Office representing the Holy See

The Pontifical Legation for the Basilicas of Saint Francis and Saint Mary of the Angels in Assisi is the office, vested in a Pontifical Legate, that represents the Holy See in the administration of the Papal minor basilicas in Assisi, namely the Basilica of Saint Francis of Assisi and the Papal Basilica of Saint Mary of the Angels in Assisi.

== History ==
It was founded on 8 August 1969, as the Pontifical Legation for the Basilica of Saint Francis of Assisi.
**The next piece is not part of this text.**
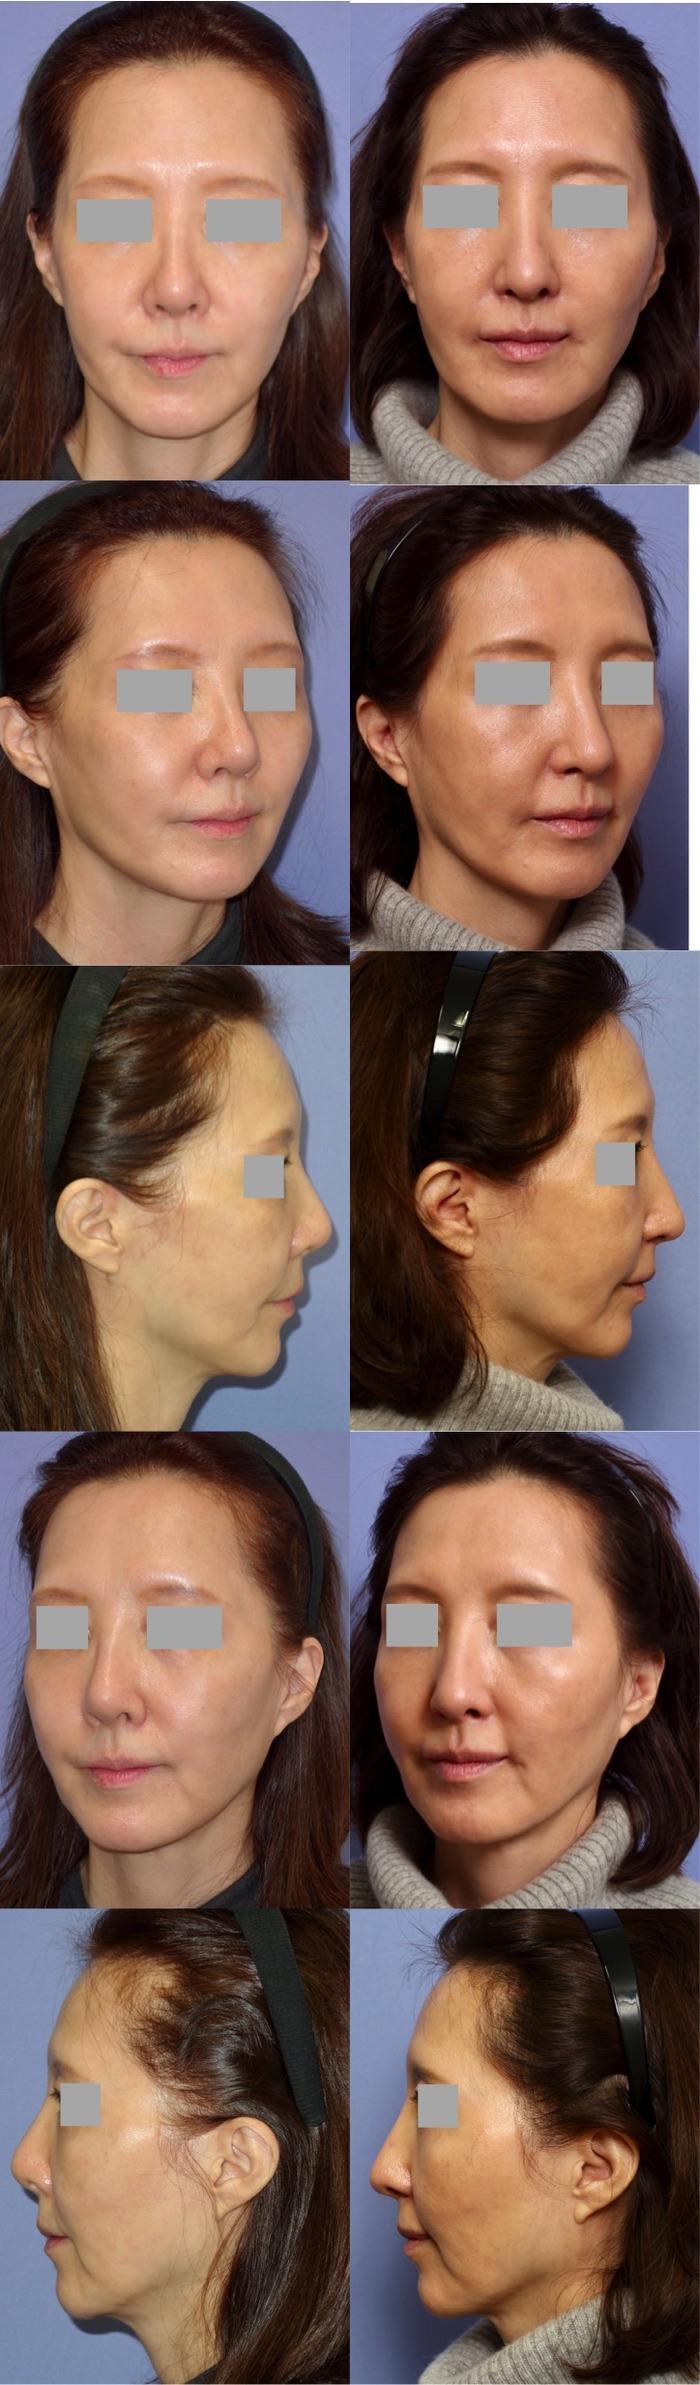 鼻中隔延長術 隆鼻術 鼻翼挙上術 口角挙上術 術後2ヶ月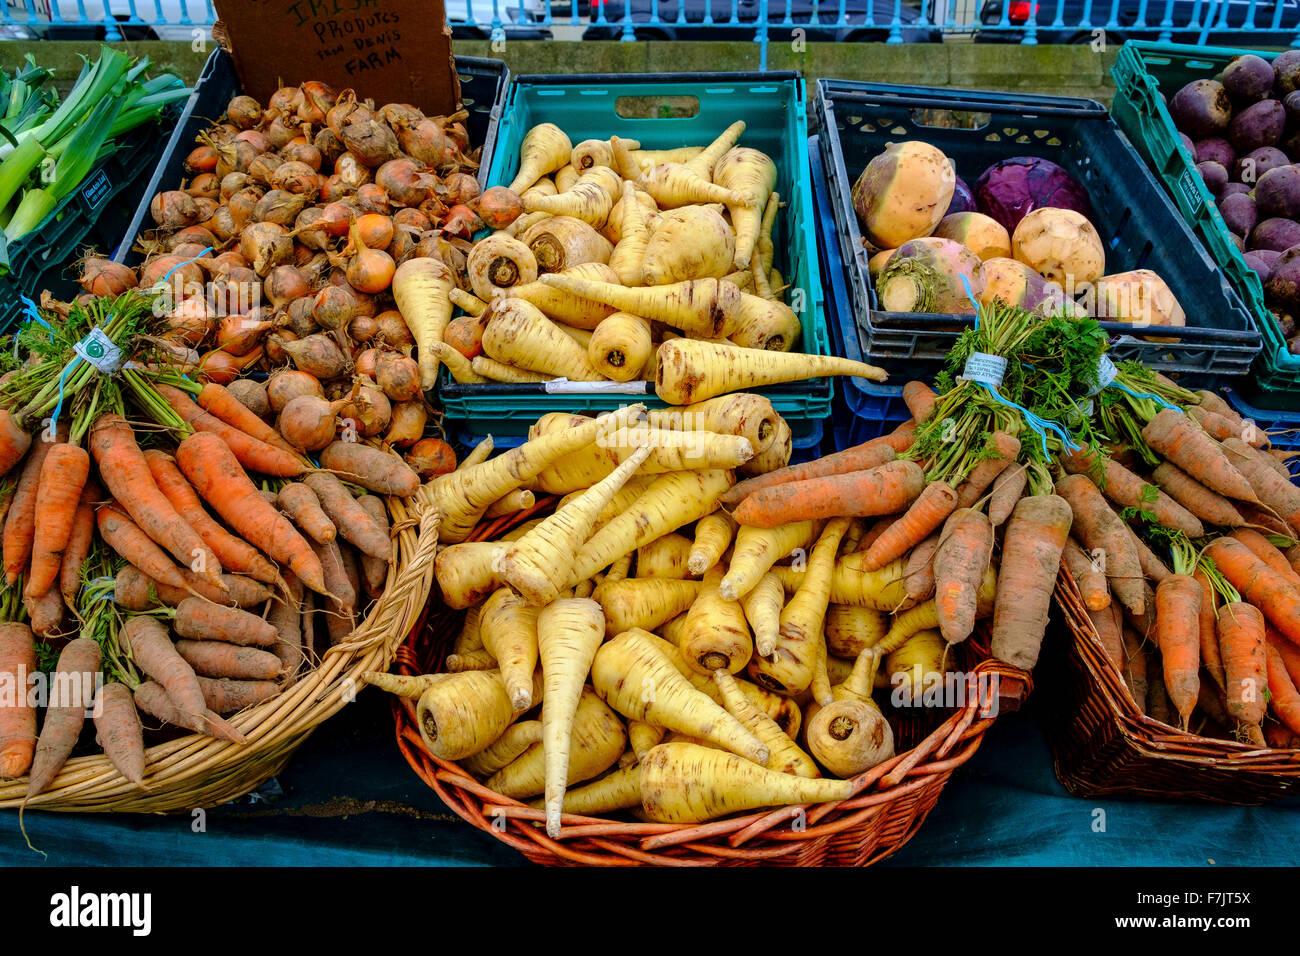 Ortaggi a radice carote pastinaca svedese rapa cipolla Immagini Stock

On 21 February 2006, when its responsibilities were changed to include the neighboring Papal Basilica of Saint Mary of the Angels in Assisi, it received its current name.

== Pontifical legates ==
Until 2025 all of the legates were Italian cardinals and former diplomats.

- Pontifical Legation for the Basilica of Saint Francis of Assisi
- Cardinal Silvio Angelo Pio Oddi (13 June 1969 – 23 May 1996)
- Cardinal Carlo Furno (23 May 1996 – 5 November 1998)
- Cardinal Lorenzo Antonetti (5 November 1998 – 21 February 2006)

- Pontifical Legation for the Basilicas of Saint Francis and Saint Mary of the Angels in Assisi
- Cardinal Attilio Nicora (21 February 2006 – 22 April 2017)
- Cardinal Agostino Vallini (4 November 2017 – 16 July 2025)
- Cardinal Ángel Fernández Artime (16 July 2025–present)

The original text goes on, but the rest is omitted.